When you say this operation is taking 1 second, you mean the host-side wall-clock timing of your updateAccel()
function?
If you copy all of your transforms, then the total data that needs to be transferred to the GPU should be 12 * 4 * 57000 = 2736000 bytes
. This should only take a small fraction of a second. I expect the optixAccelBuild()
call to also similarly take a very small amount of time.
I don’t see in your code snippet where the data transfer to the GPU is occurring. Are you copying each matrix separately?
The first thing I would recommend is running your application through Nsight Systems. This way you will be able to see how much time goes to each portion of the operation - host functions, data transfer, and optixAccelBuild. I’m guessing that almost all of your 1 second is occupied by the scene.getMeshes()

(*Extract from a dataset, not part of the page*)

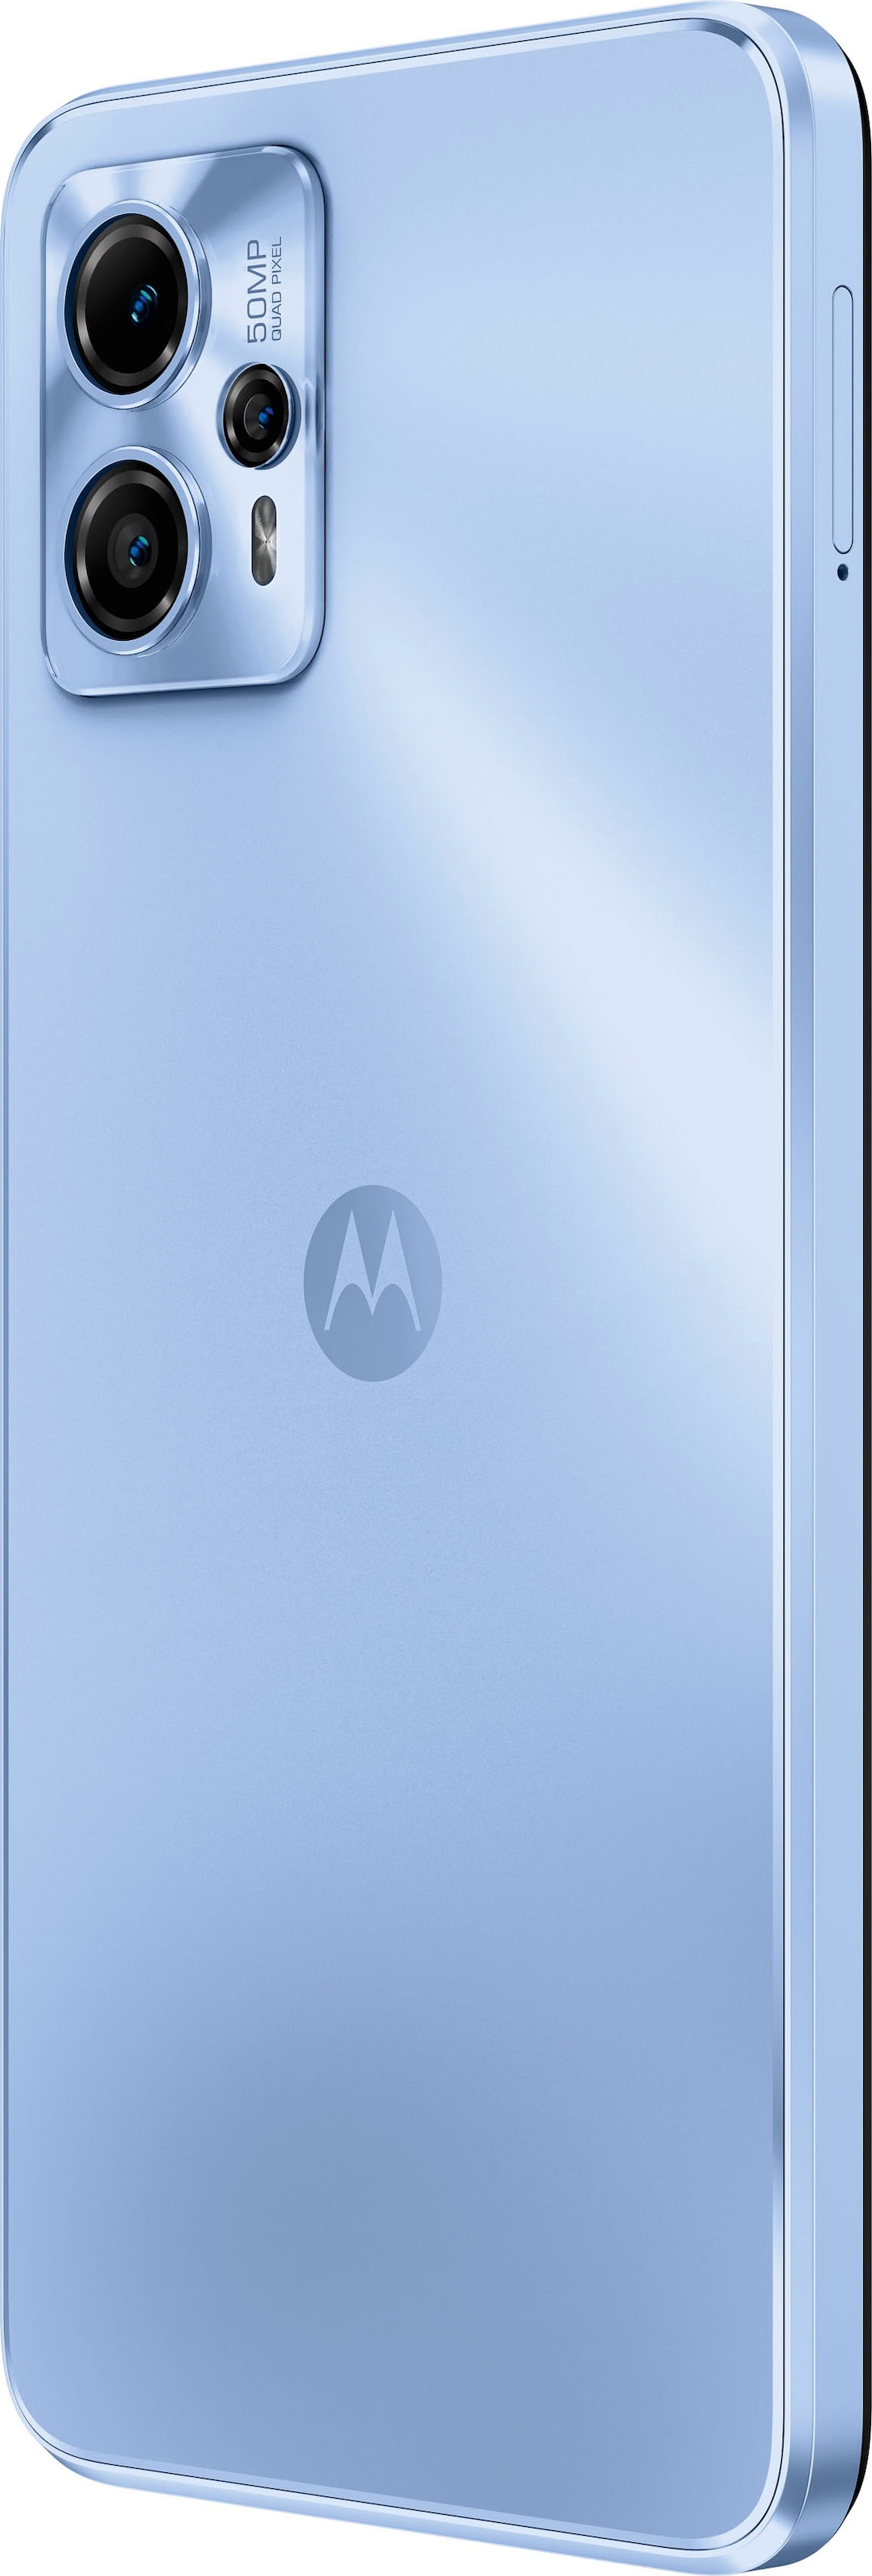 Motorola Smartphone »g13«, lavender blue, 16,56 cm/6,52 Zoll, 128 GB  Speicherplatz, 50 MP Kamera online kaufen | alle Smartphones
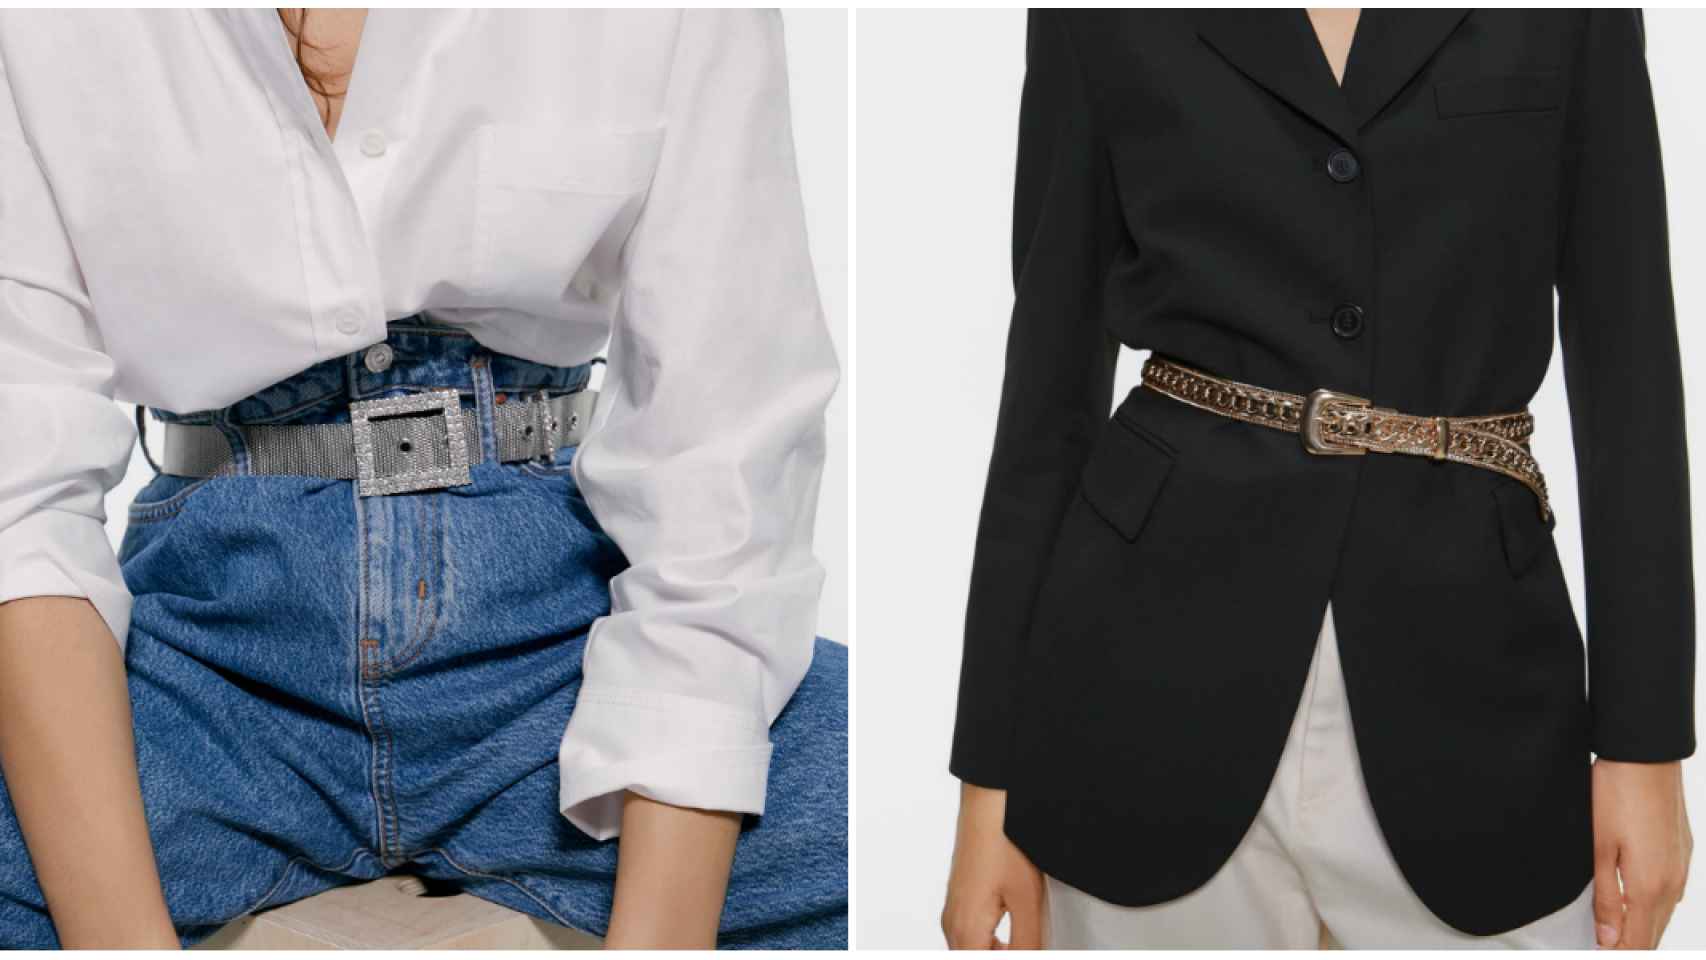 Zara propone estas dos opciones para usar los cinturones.

loop, and that the optixAccelBuild()
is only a tiny blip at the end.
From the code snippet, there are a couple of things I would suspect are taking nearly all of your time: geometryInstances[name]
is presumably calling a string hashing function or something? And TransformToOptixMax()
looks like it might be doing host-side memory allocation (is it constructing a new std::vector? is it doing a matrix multiply? is it copying data?). Any of those things will take time, but if it’s allocating memory, that is likely to be the primary culprit.
So if there are 57k meshes in the scene, keep in mind that the loop is at least 4 separate function calls, meaning over 200k host side function calls, and it looks like some of them are not inline and non-trivial. I also can’t tell if scene.getMeshes()
might be expensive.
There are some alternatives to handling your scene updates this way. One of them would be to have your simulation/update code write directly into your instance transform array. And then when it comes time to update the IAS, your updateAccel()
function would consist of only 1 cudaMemcpy()
and 1 optixAccelBuild()
,
A different alternative is to track which instances are updated and which instances are untouched. Then you can coalesce only the dirty transforms into blocks that will be each copied separately to the GPU. You would be able to loop over your meshes and immediately skip the non-dirty ones. Coalescing the consecutive dirty transforms into blocks adds some complexity, and whether it pays off depends on how many dirty transforms you usually need to handle on average, and how often your dirty transforms are side-by-side in memory. If you only have a very small number of transforms that are dirty any given frame, you could simply copy each and every dirty transform individually, so you would call cudaMemcpy()
once for every dirty transform.
First order of business for you, I think, is to do some profiling and get a better picture of what the timing is for all the sub-components of your function.
–
David.